Records from a data source:
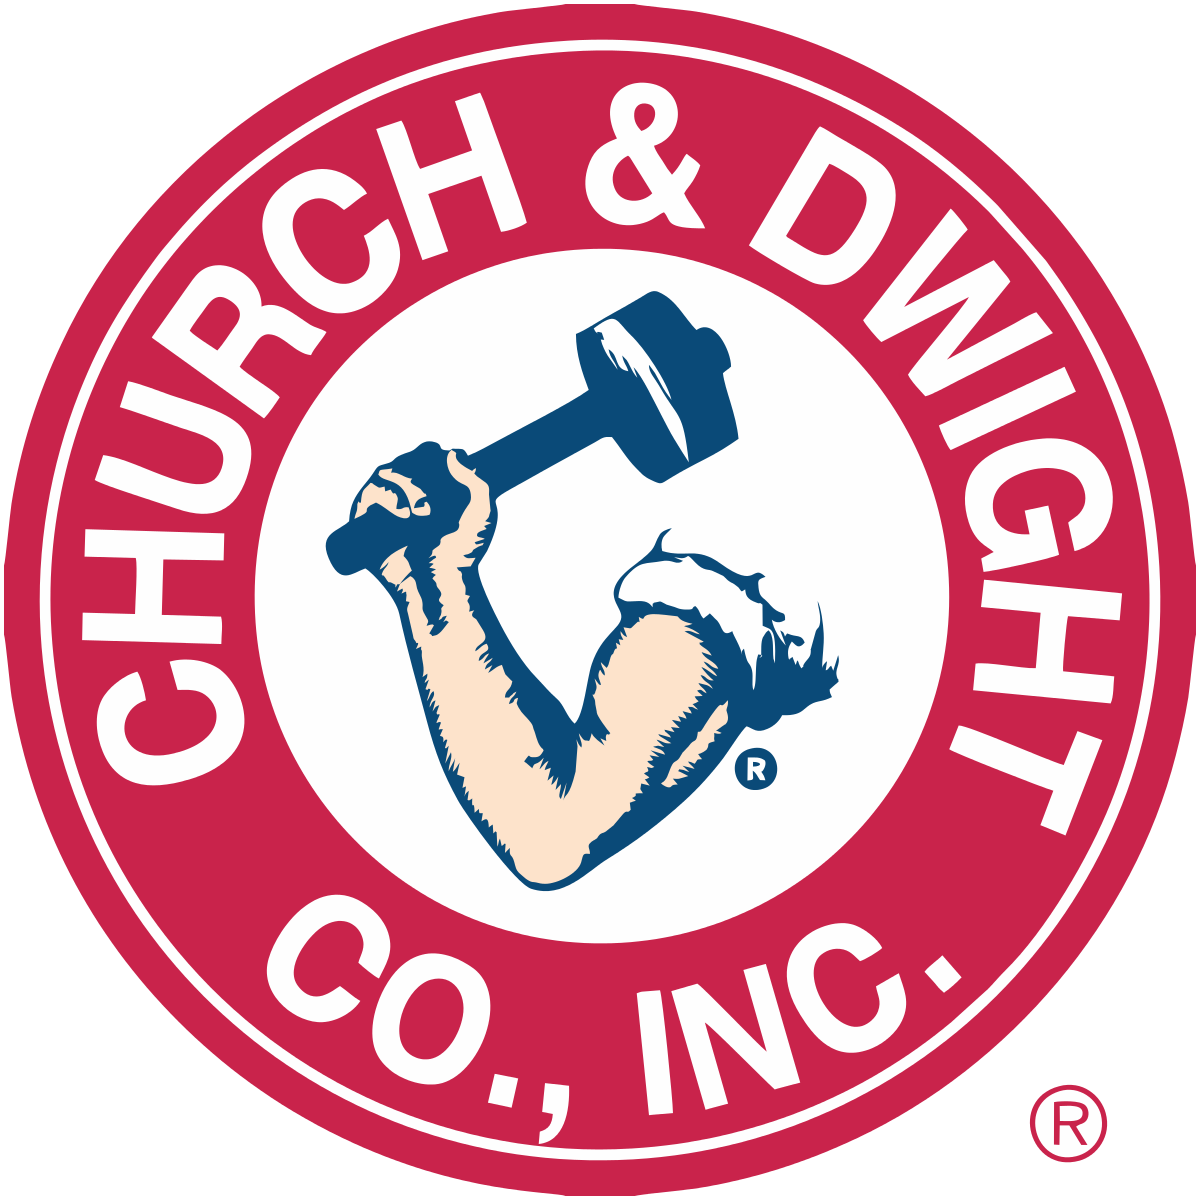 Church & Dwight Co., Inc.
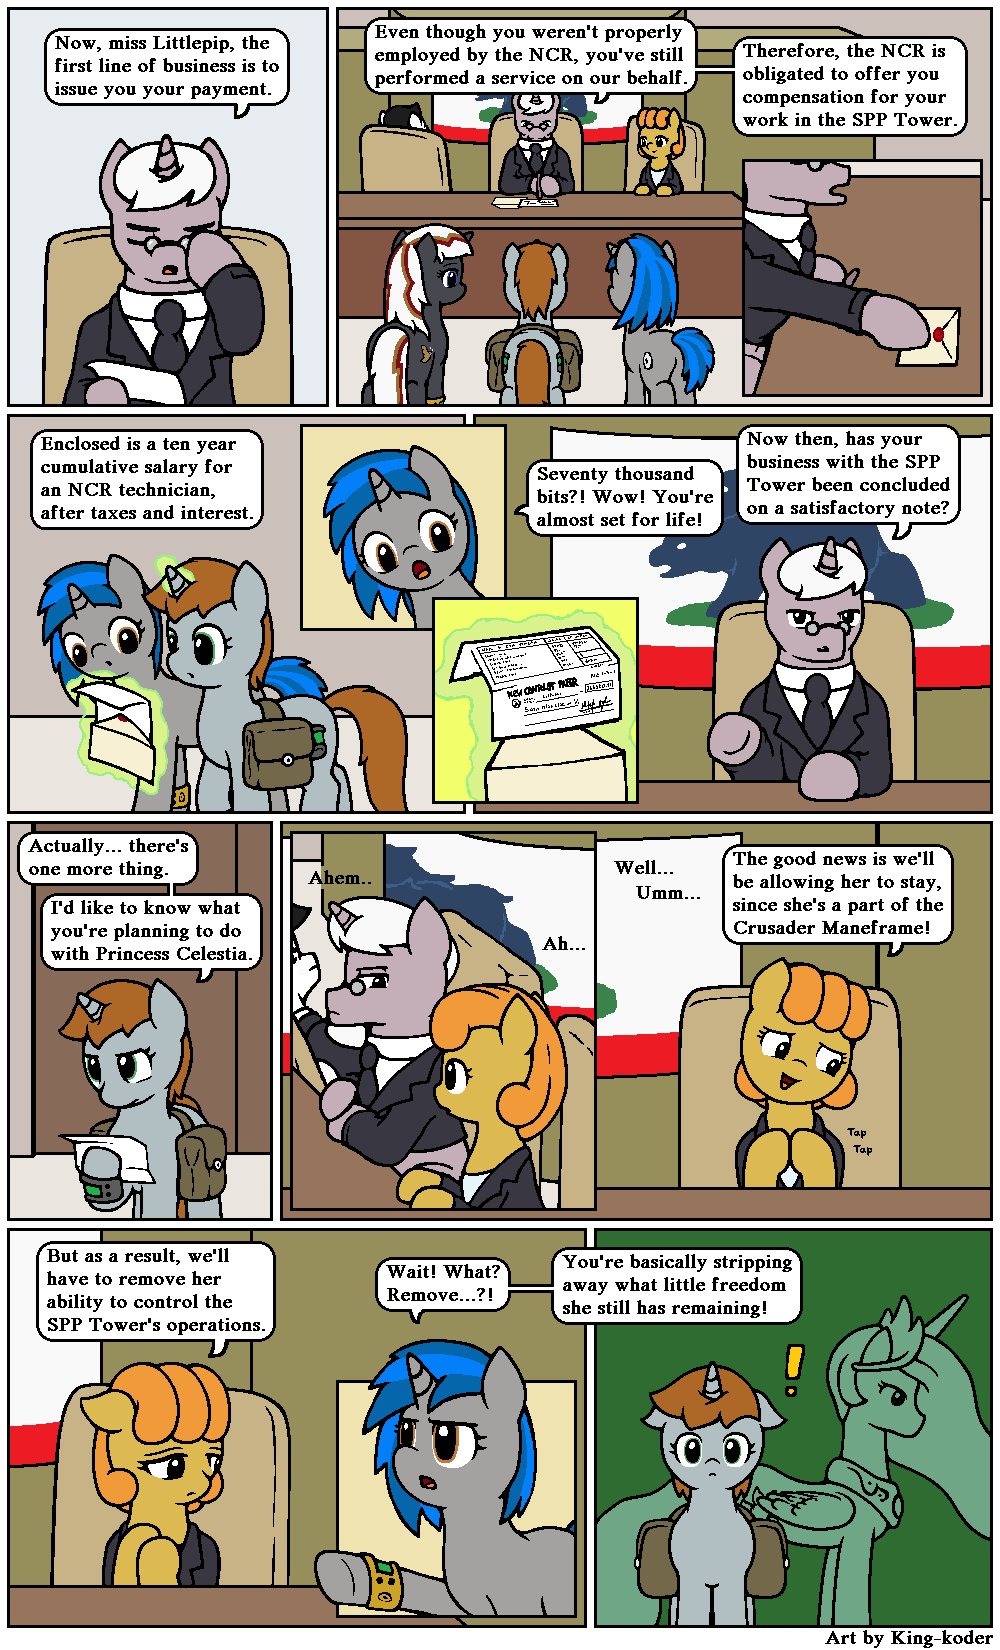 Post-Fallout Equestria : Episode2 Page9
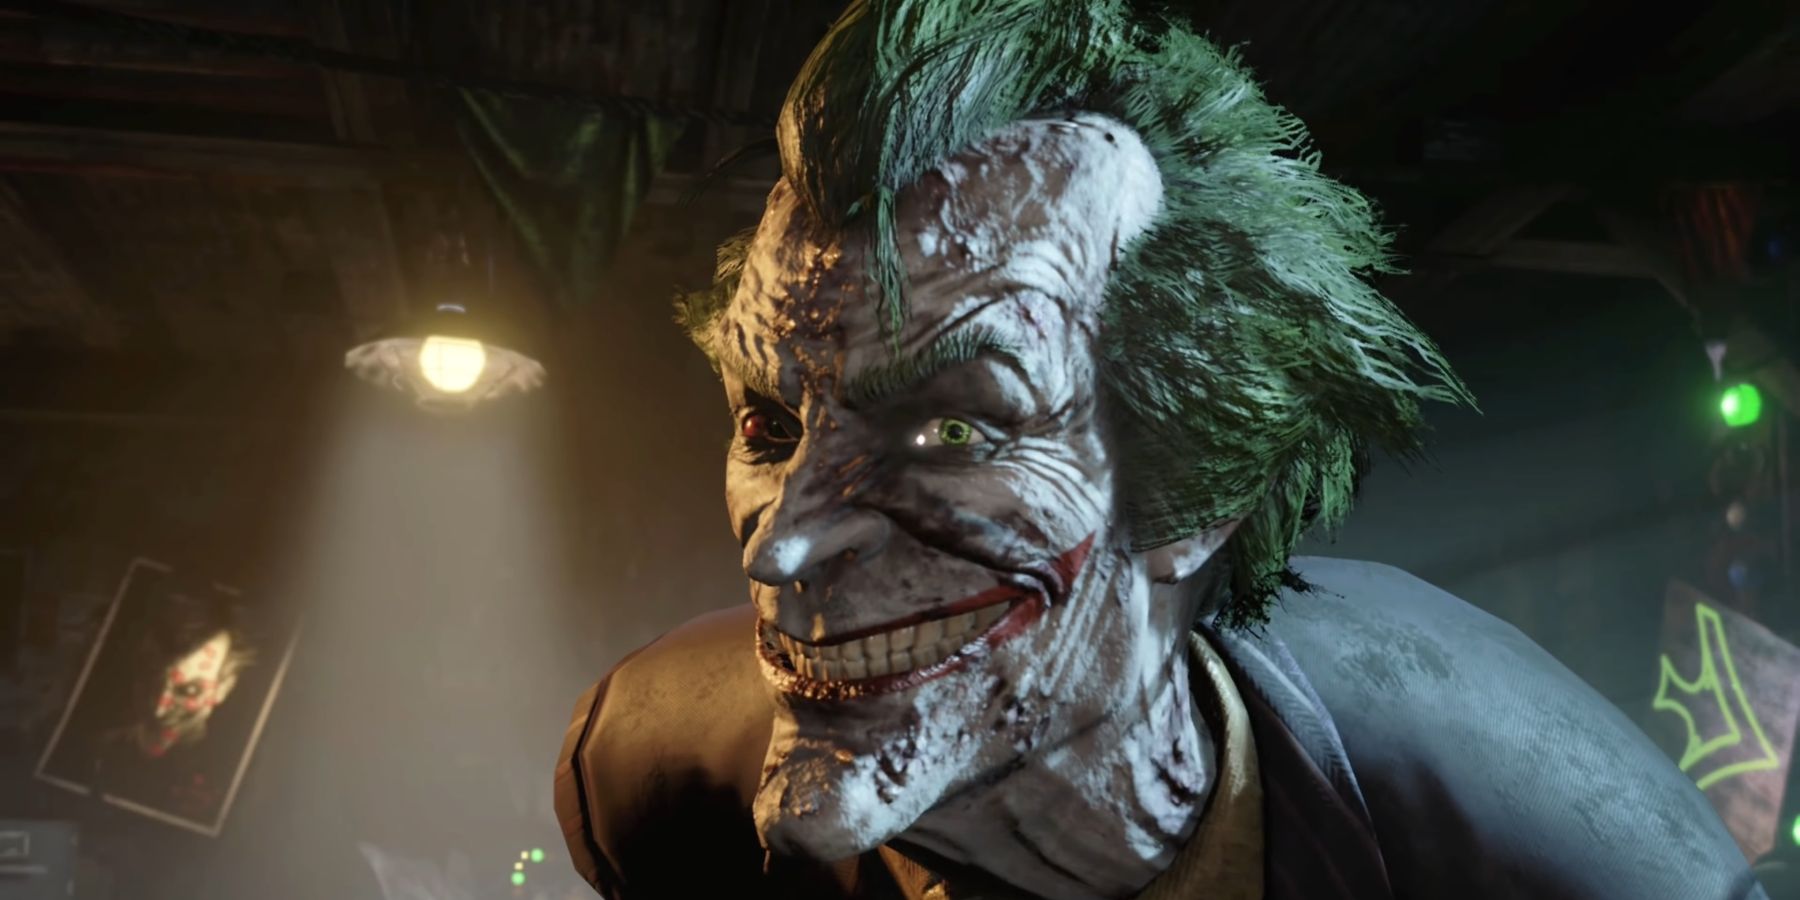 The Joker revealing his Titan affliction in Batman: Arkham City
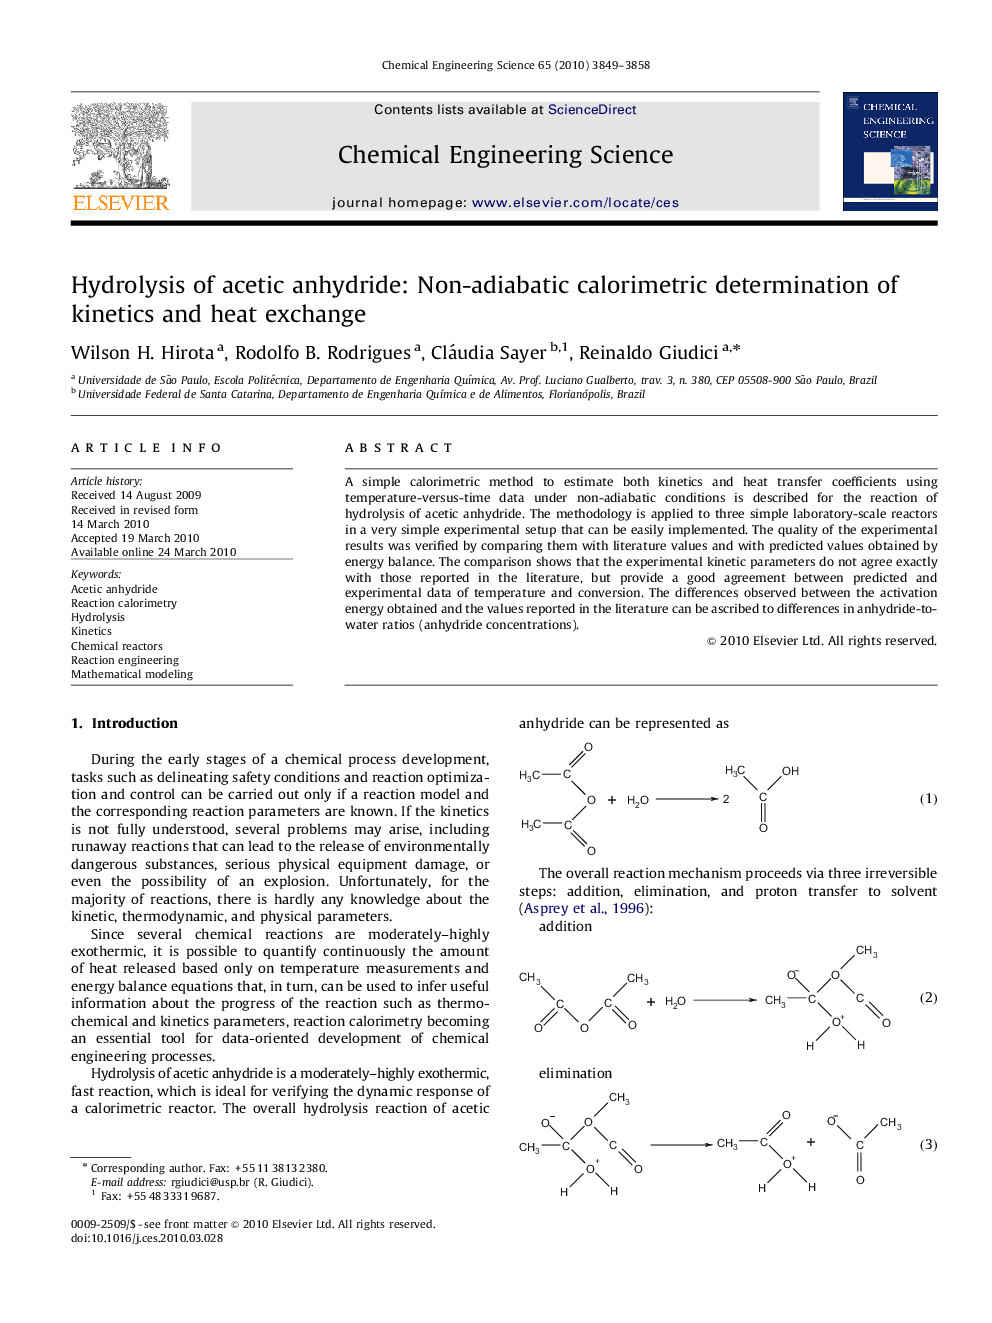 Hydrolysis of acetic anhydride: Non-adiabatic calorimetric determination of kinetics and heat exchange
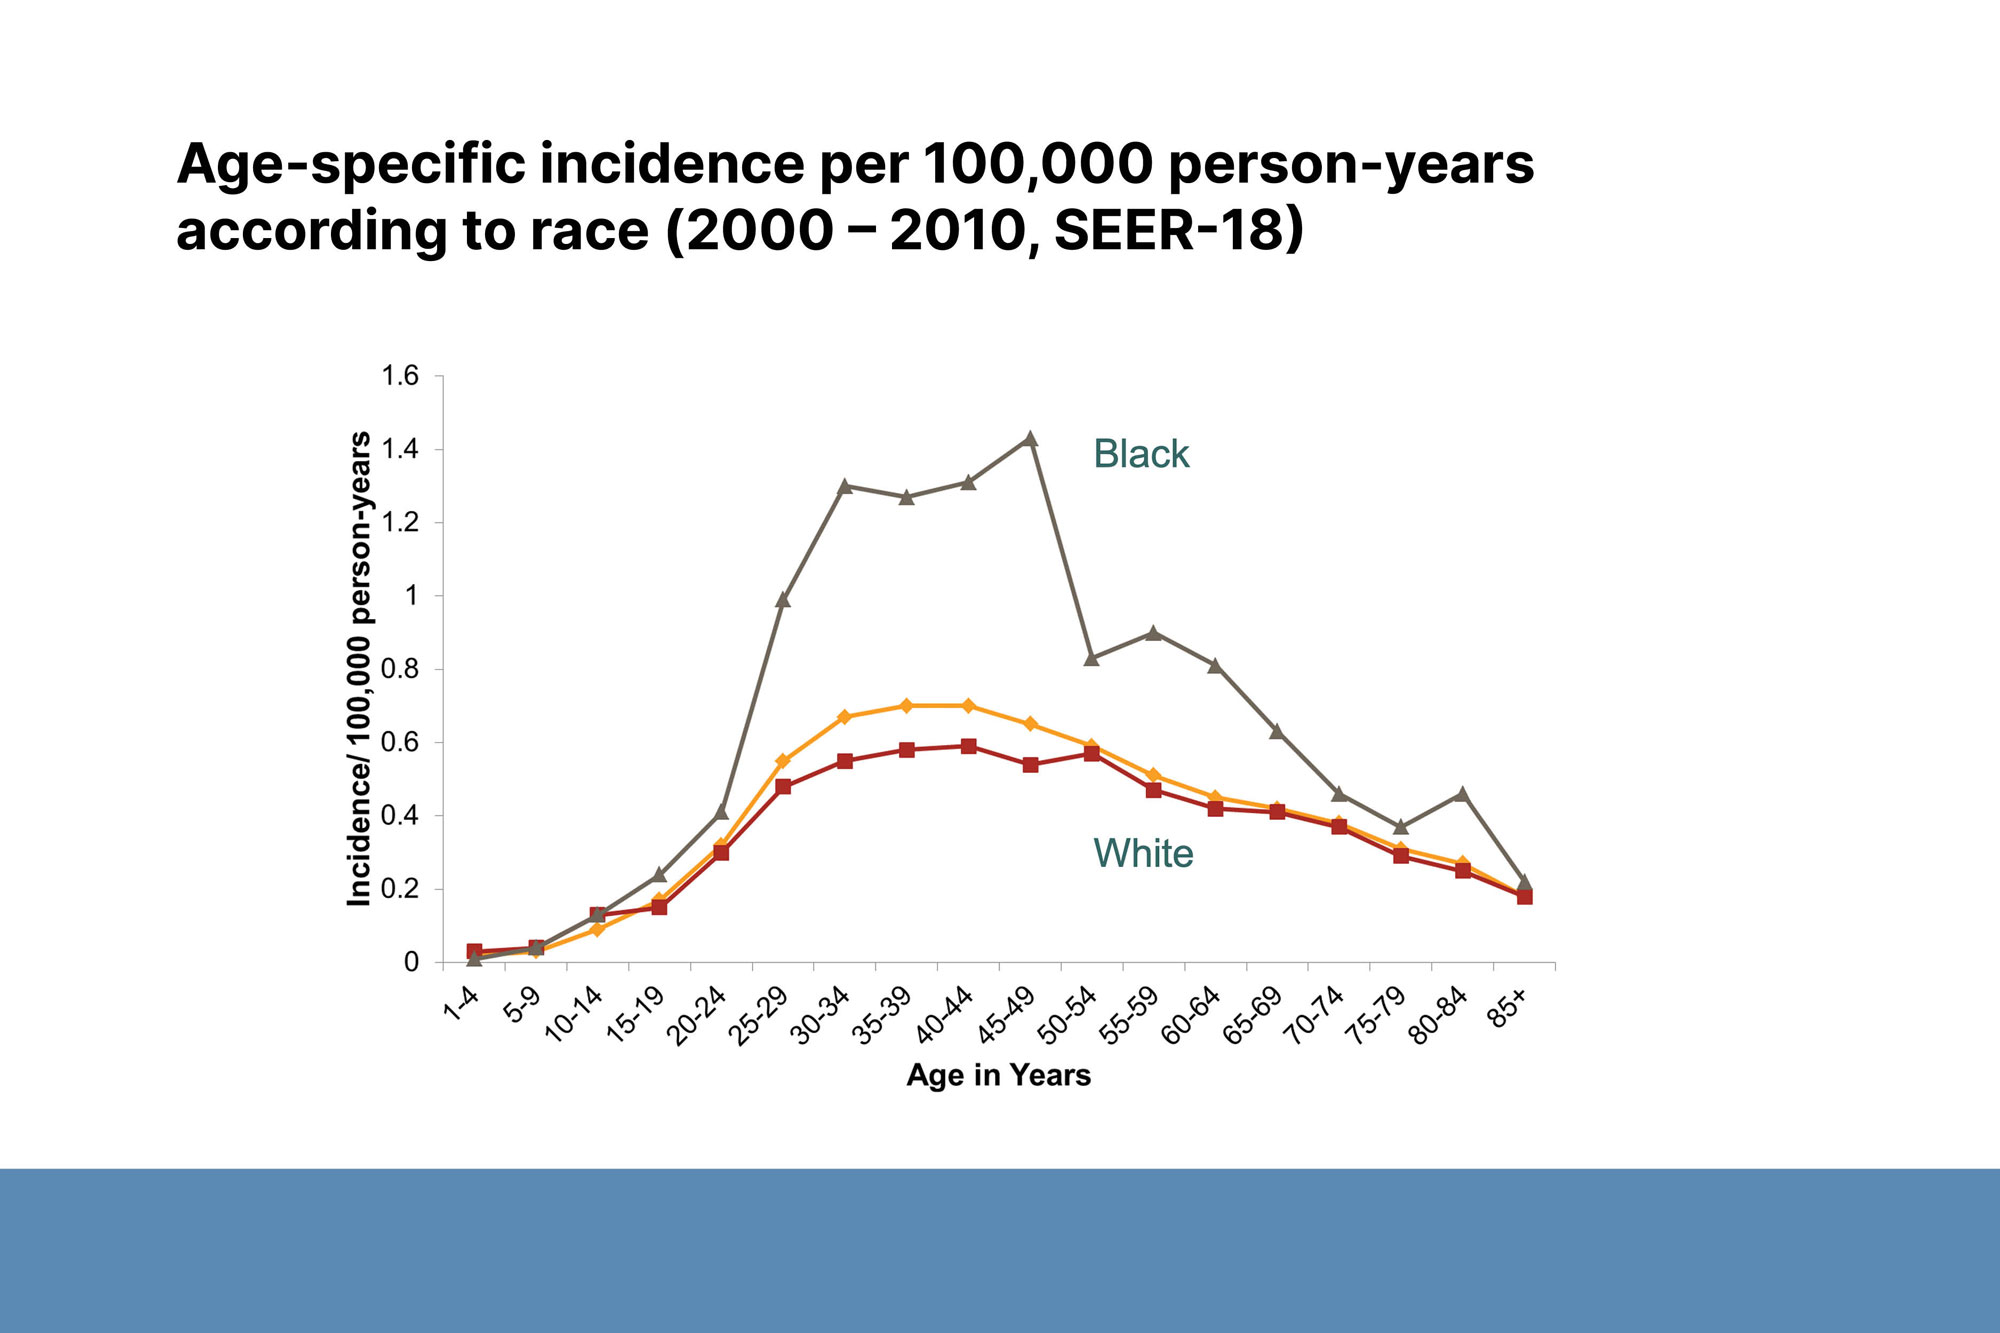 Data according to race

WORK ITEM:
All records are to be reproduced exactly; the pictures are to be omitted.

ANSWER BELOW:
 Church & Dwight Co., Inc.
 Post-Fallout Equestria : Episode2 Page9
 The Joker revealing his Titan affliction in Batman: Arkham City
 Hydrolysis of acetic anhydride: Non-adiabatic calorimetric determination of kinetics and heat exchange
 Data according to race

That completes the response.